Mathematics, 2022, vol. 10, issue 12, 1-31

Abstract: Achieving a good success rate in supervised classification analysis of a text dataset, where the relationship between the text and its label can be extracted from the context, but not from isolated words in the text, is still an important challenge facing the fields of statistics and machine learning. For this purpose, we present a novel mathematical framework.

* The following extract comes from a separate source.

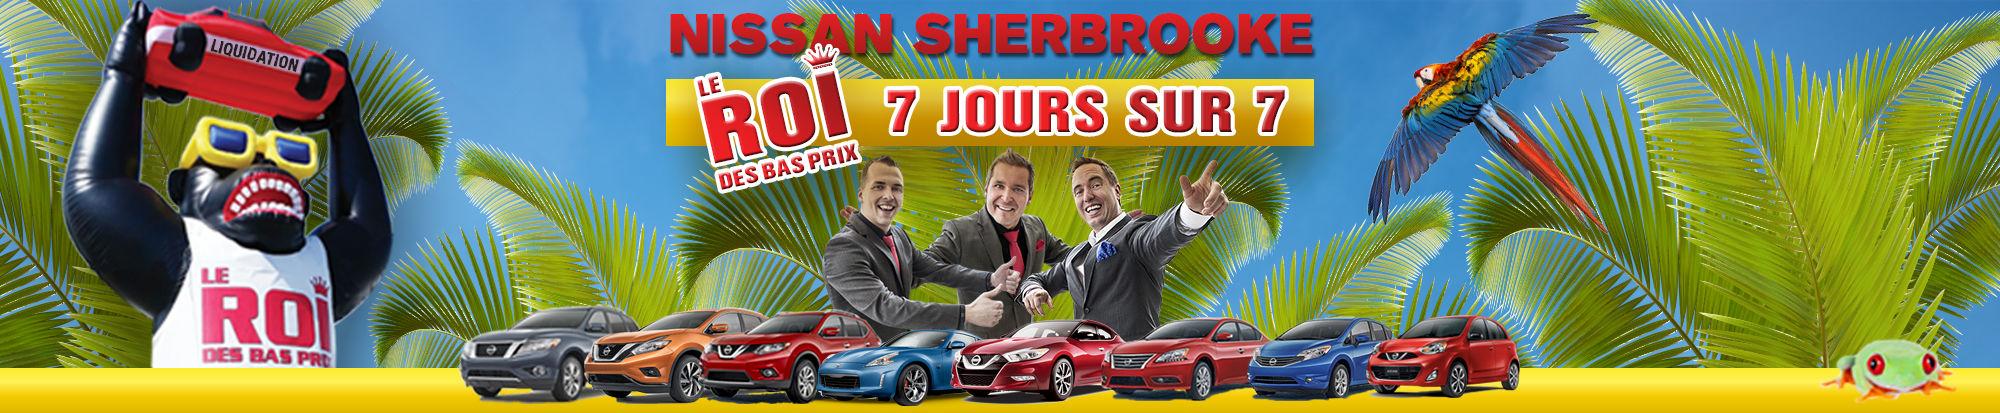 Nissan Sherbrooke le roi des bas prix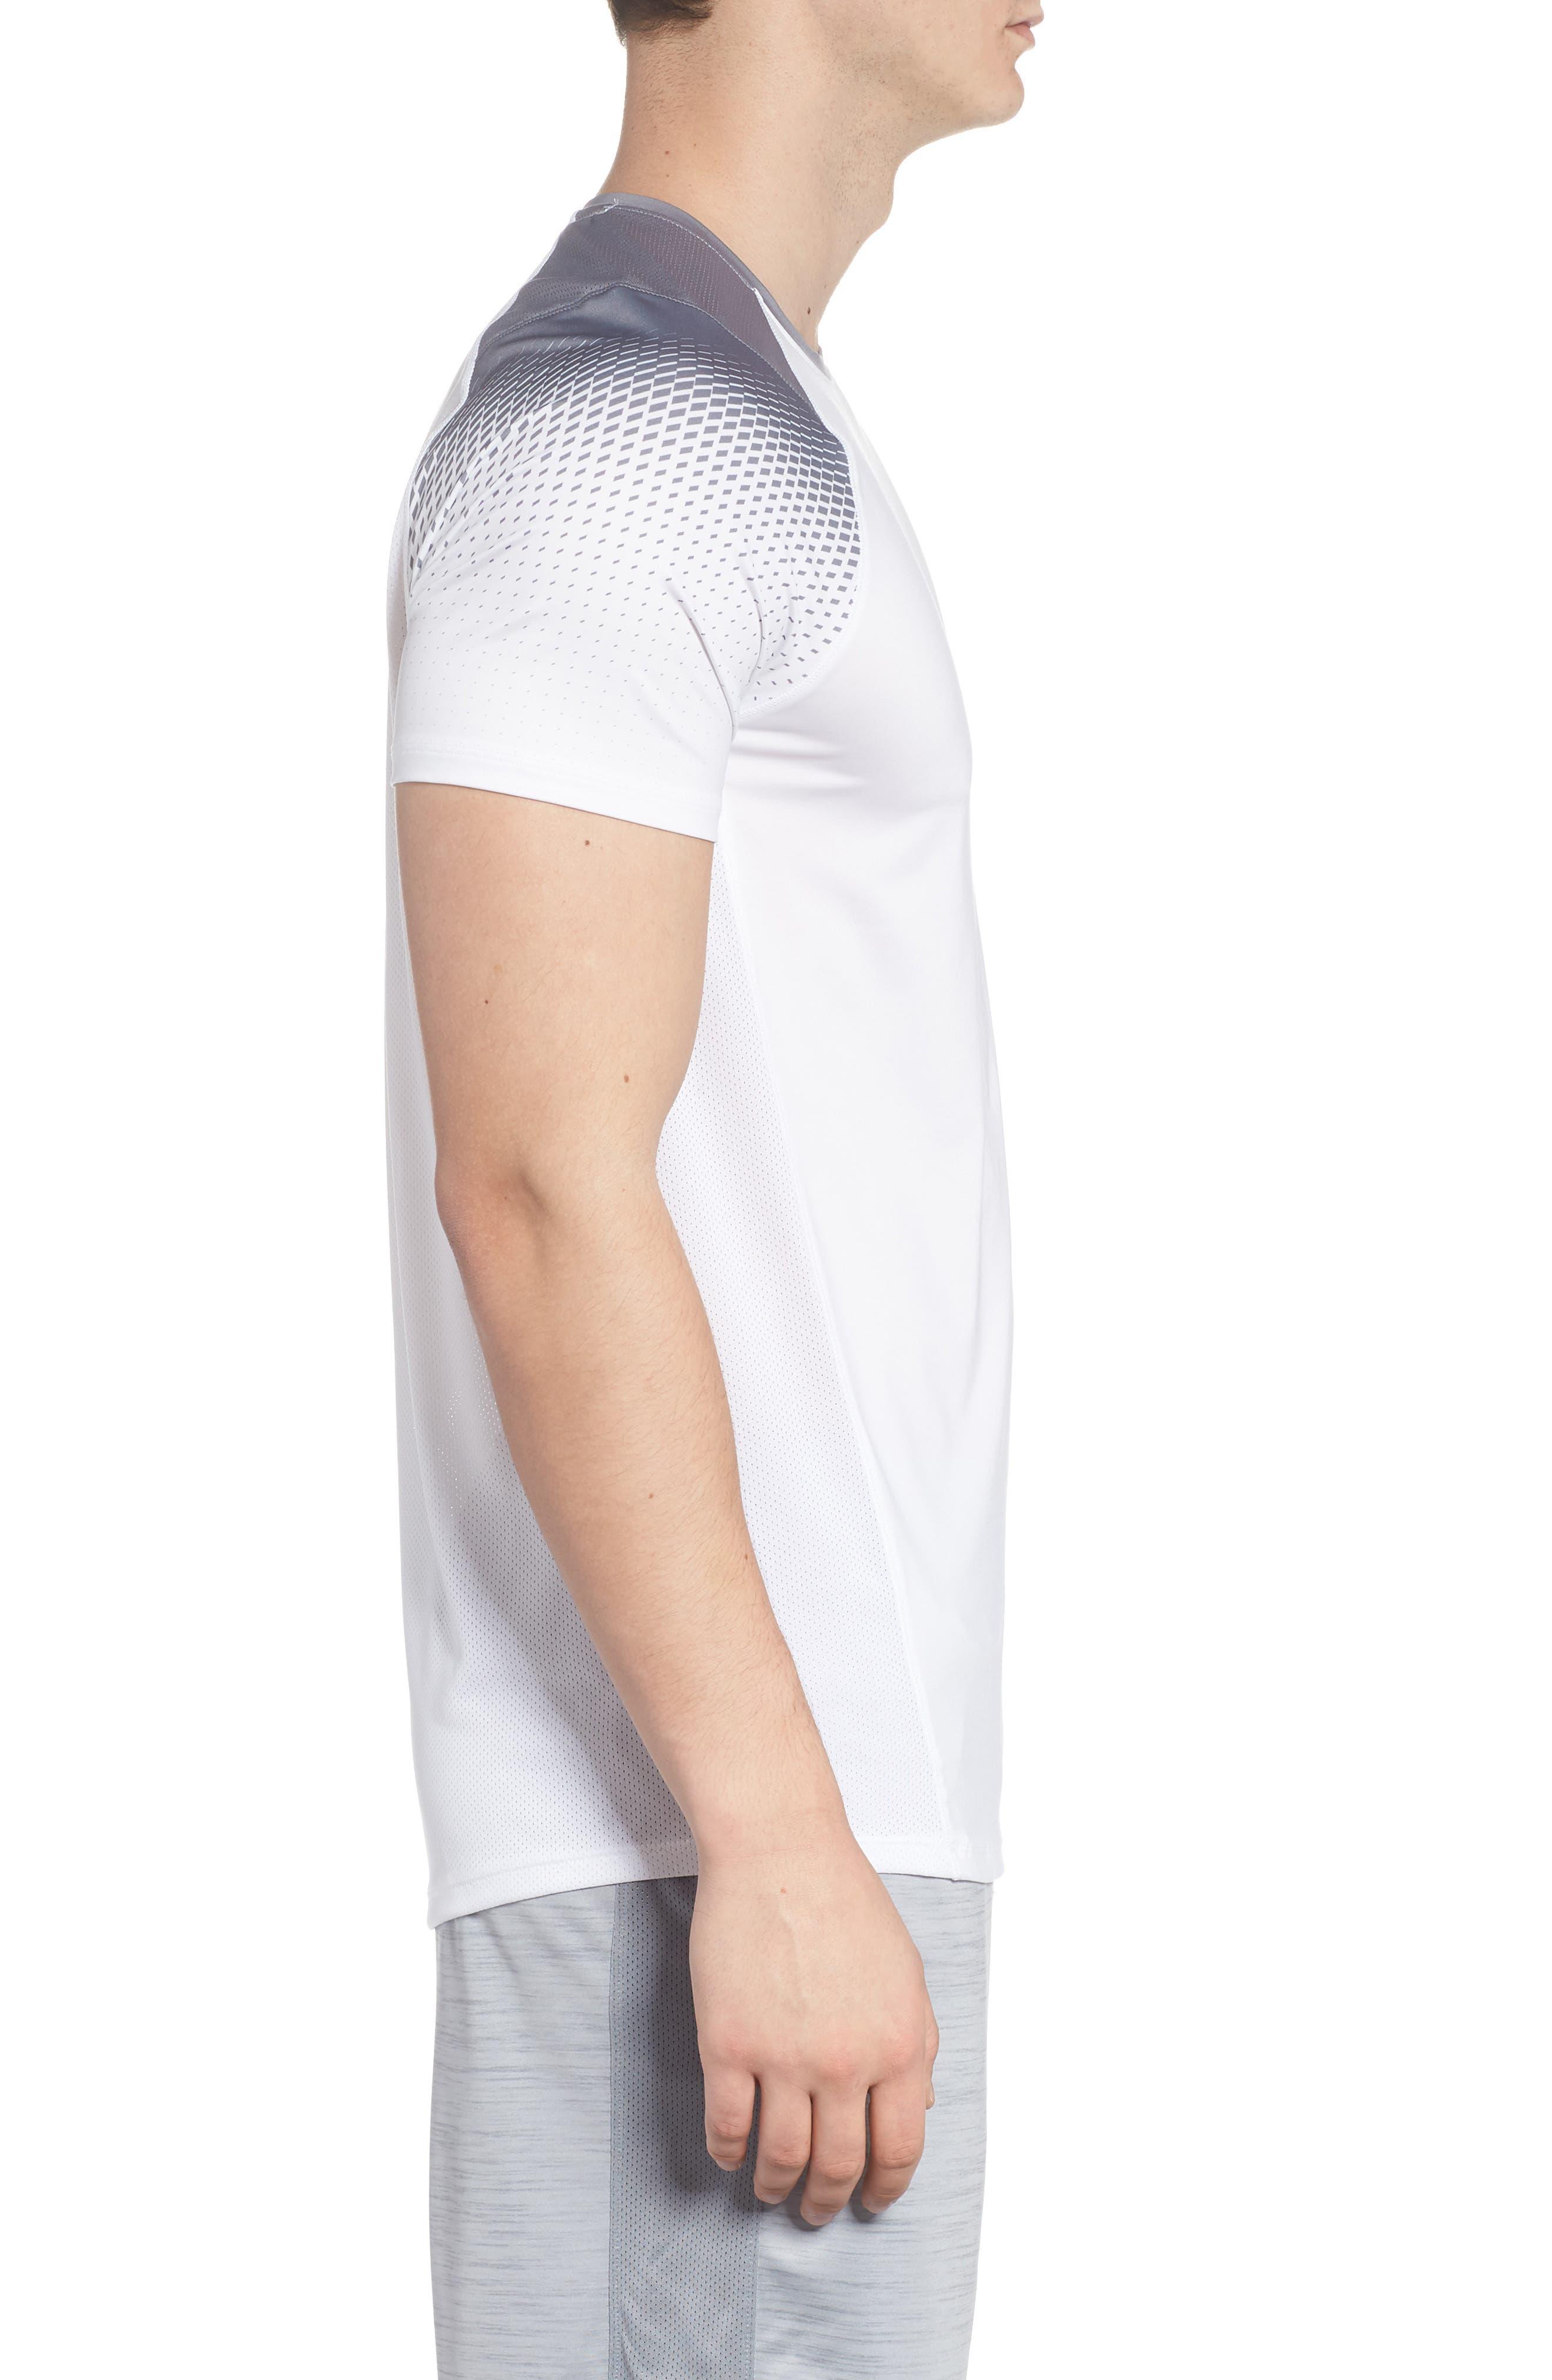 MK1 Dash Print Crewneck T-Shirt,                             Alternate thumbnail 3, color,                             WHITE / ZINC GREH / GRAPHITE

We then conduct a comparative study between established classification methods for the case where the relationship between the text and the corresponding label is clearly depicted by specific words in the text. In particular, we use logistic LASSO, artificial neural networks, support vector machines, and decision-tree-like procedures. This methodology is applied to a real case study involving mapping Consolidated Framework for Implementation and Research (CFIR) constructs to health-related text data and achieves a prediction success rate of over 80% when just the first 55% of the text, or more, is used for training and the remaining for testing. The results indicate that the methodology can be useful to accelerate the CFIR coding process.

Keywords: artificial neural networks; decision tree; logistic LASSO; natural language processing; qualitative data; supervised classification; support vector machines; text data analysis (search for similar items in EconPapers)
JEL-codes: C (search for similar items in EconPapers)
Date: 2022
References: View references in EconPapers View complete reference list from CitEc
Citations: View citations in EconPapers (1)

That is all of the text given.